New and Better Ways of Living and Learning
Antioch College—an institution that closed in 2008 and re-opened in 2011—is dedicated to modeling new and better ways of living and learning.
Antioch College is now home to the oldest building in the nation renovated to LEED GOLD standards. North Hall, constructed in 1852 as the College’s first dormitory, boasts solar panels and an environmentally friendly geothermal heating and cooling system.
The Science Building, constructed in 1930, underwent modernization and renovation, which includes the installation of green fume hoods. Roosevelt authorized the development of Antioch Farm, a partially student-run enterprise that provides most of the vegetation and poultry to Antioch Kitchens, the on-campus dining halls.
And the cooperative education program—which requires students to complete periods of full-time work in the world outside of campus—launched the Ohio Agrarian Trade (OAT) Partnership, a state-supported enterprise that will result in 52 new co-op jobs for students. The project will increase understanding of the knowledge and skill sets required by employers of Ohio food producers, as well as improve undergraduate curricula relating to food production.
A Remarkable Ability to Get Difficult Things Done
The great-grandson of President Theodore Roosevelt, Mark Roosevelt earned a Bachelor of Arts in History and a Juris Doctor at Harvard University. He was elected to the Massachusetts General Court, the state legislature, in 1986, three years after graduating from law school.
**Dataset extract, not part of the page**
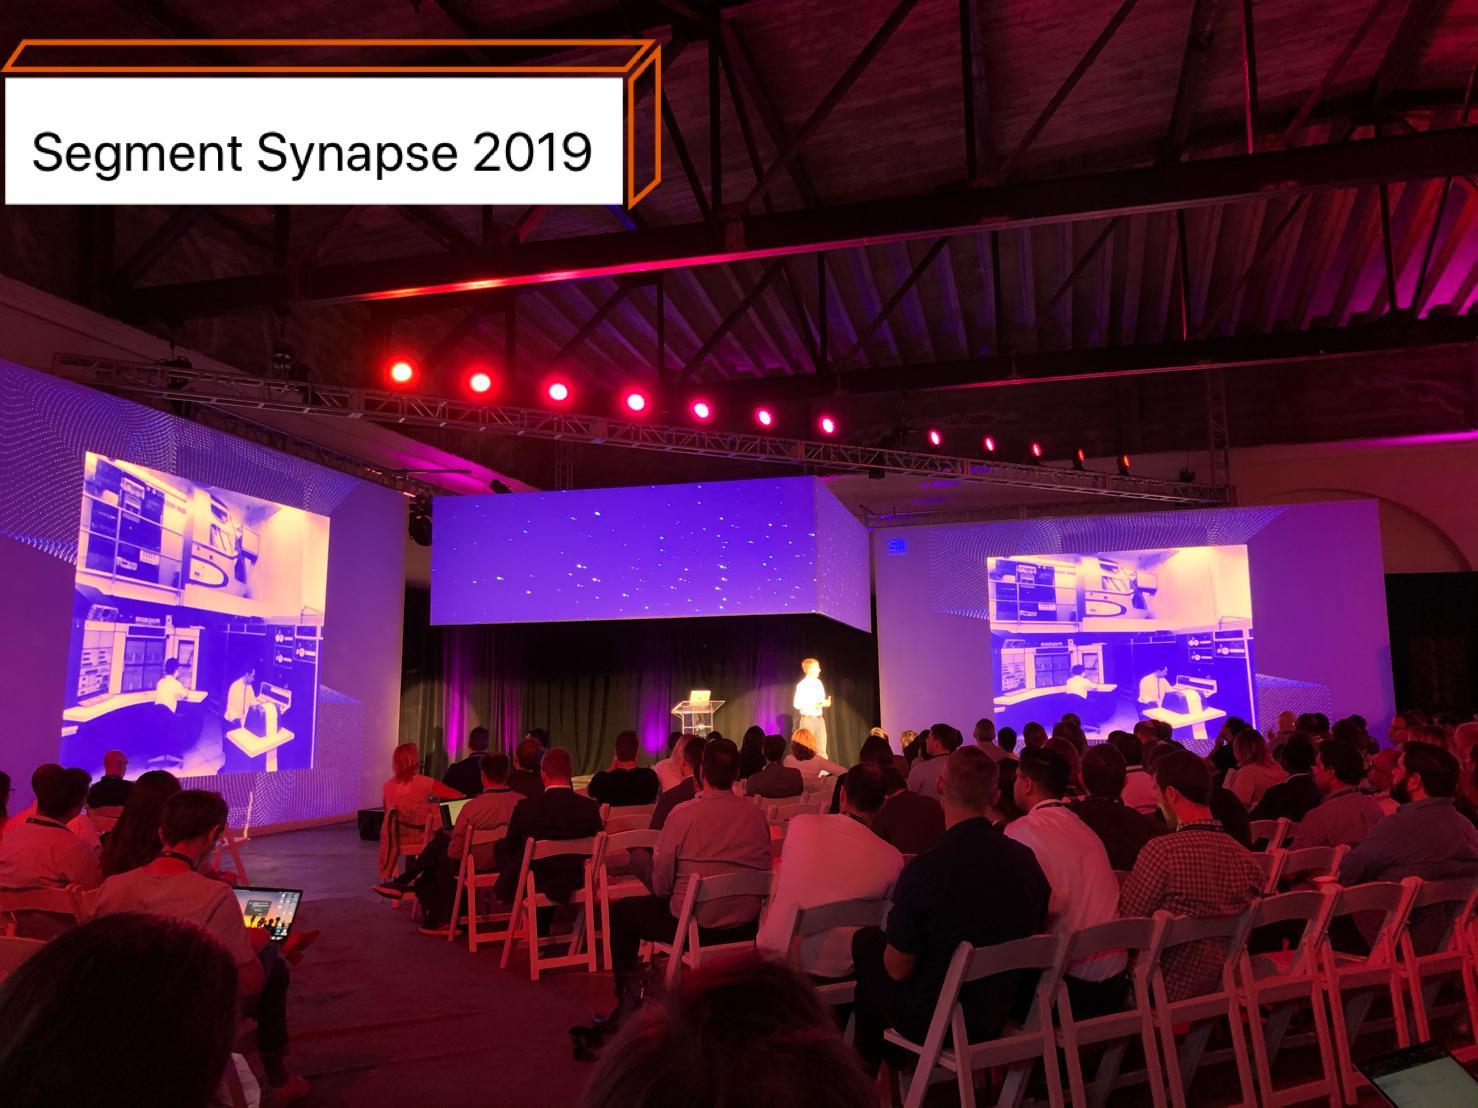 Segment Synapse 2019

As a legislator, he had a remarkable record of achievement. For 28 years, legislation prohibiting discrimination against gay men and lesbians in employment, housing, credit, and public accommodations had languished in committee or failed on floor votes. As its new chief sponsor, Roosevelt led an aggressive personal campaign that saw the bill enacted into law in 1989, making Massachusetts only the second state in the nation to enact a Gay Rights Bill.
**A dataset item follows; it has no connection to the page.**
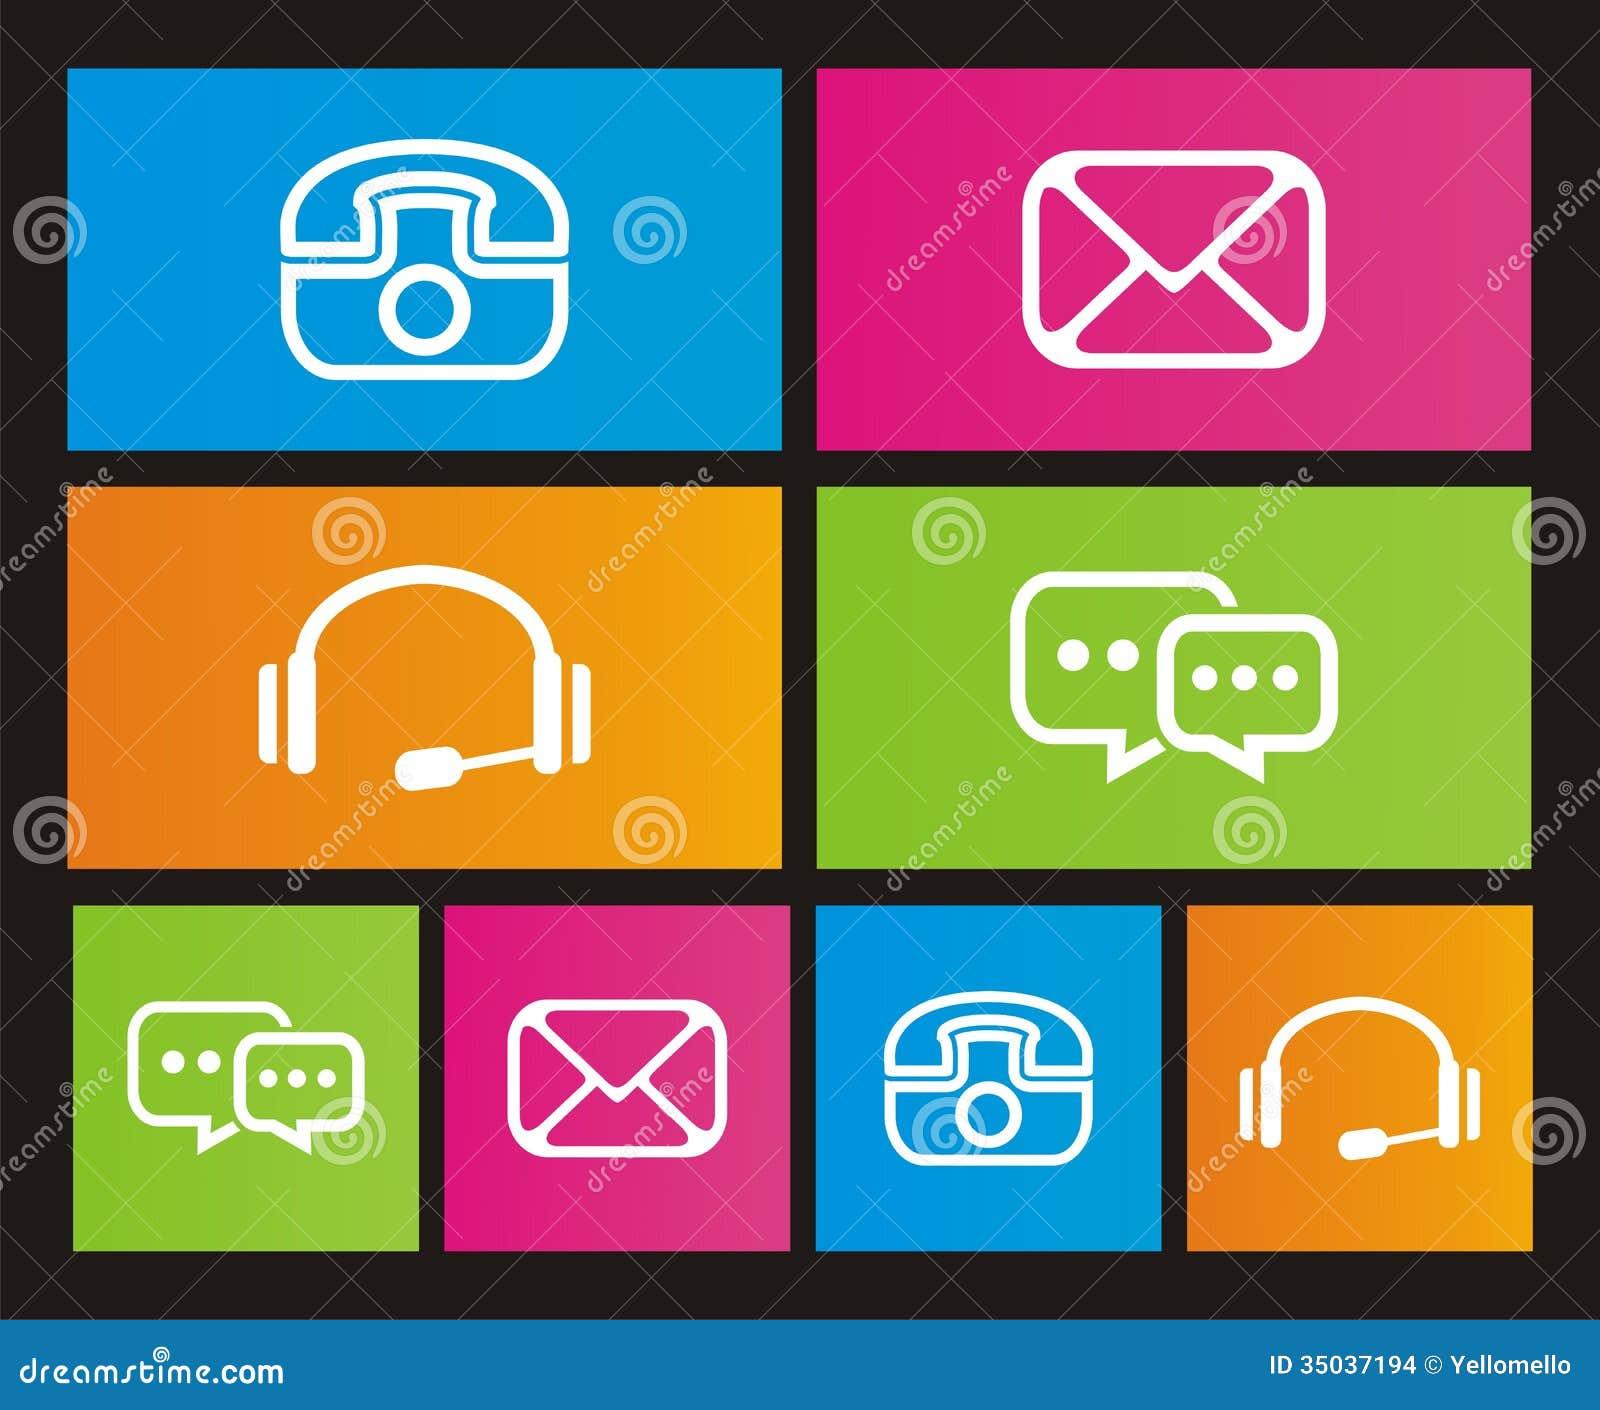 Contact icon - metro style

In 1990, he was appointed chairman of the legislature’s Education Committee, where he was the co-author and chief sponsor of the landmark Education Reform Act of 1993, a national model for comprehensive state action to guarantee school districts the equitable resources and the accountability measures necessary for school improvement. Most observers credit the 1993 Act with the fact that Massachusetts now leads the nation in almost all categories of student and school performance.
In 1994, Roosevelt was the Democratic candidate for governor of Massachusetts and lost the final election to the Republican incumbent, William Weld.
He served as CEO of Massachusetts Biomedical Initiatives and as managing director of the Massachusetts Business Alliance for Education. He also served as an adjunct professor of politics and head of the Gordon Public Policy Center at Brandeis University.
A graduate of the 2003 Broad Superintendents Academy, Roosevelt served as superintendent of the Pittsburgh Public Schools (PPS) from 2005 through 2010. At PPS he and the leader of the Pittsburgh Federation of Teachers, John Tarka, created a model for school district reform built on collaboration rather than conflict. The Pittsburgh Public Schools garnered national attention for its efforts and won a major grant from the Bill and Melinda Gates Foundation to create a new system to foster and reward teacher effectiveness.
While in Pittsburgh, Roosevelt founded The Pittsburgh Promise and secured one of the largest donations ever to a public school system—a $100 million challenge grant from the University of Pittsburgh Medical Center. The Promise has raised more than $175 million to guarantee college scholarships to Pittsburgh students who earn a 2.5 GPA or better. It is the largest program of its kind in the country, having sent over 4,000 young people to college from 2008 through 2012.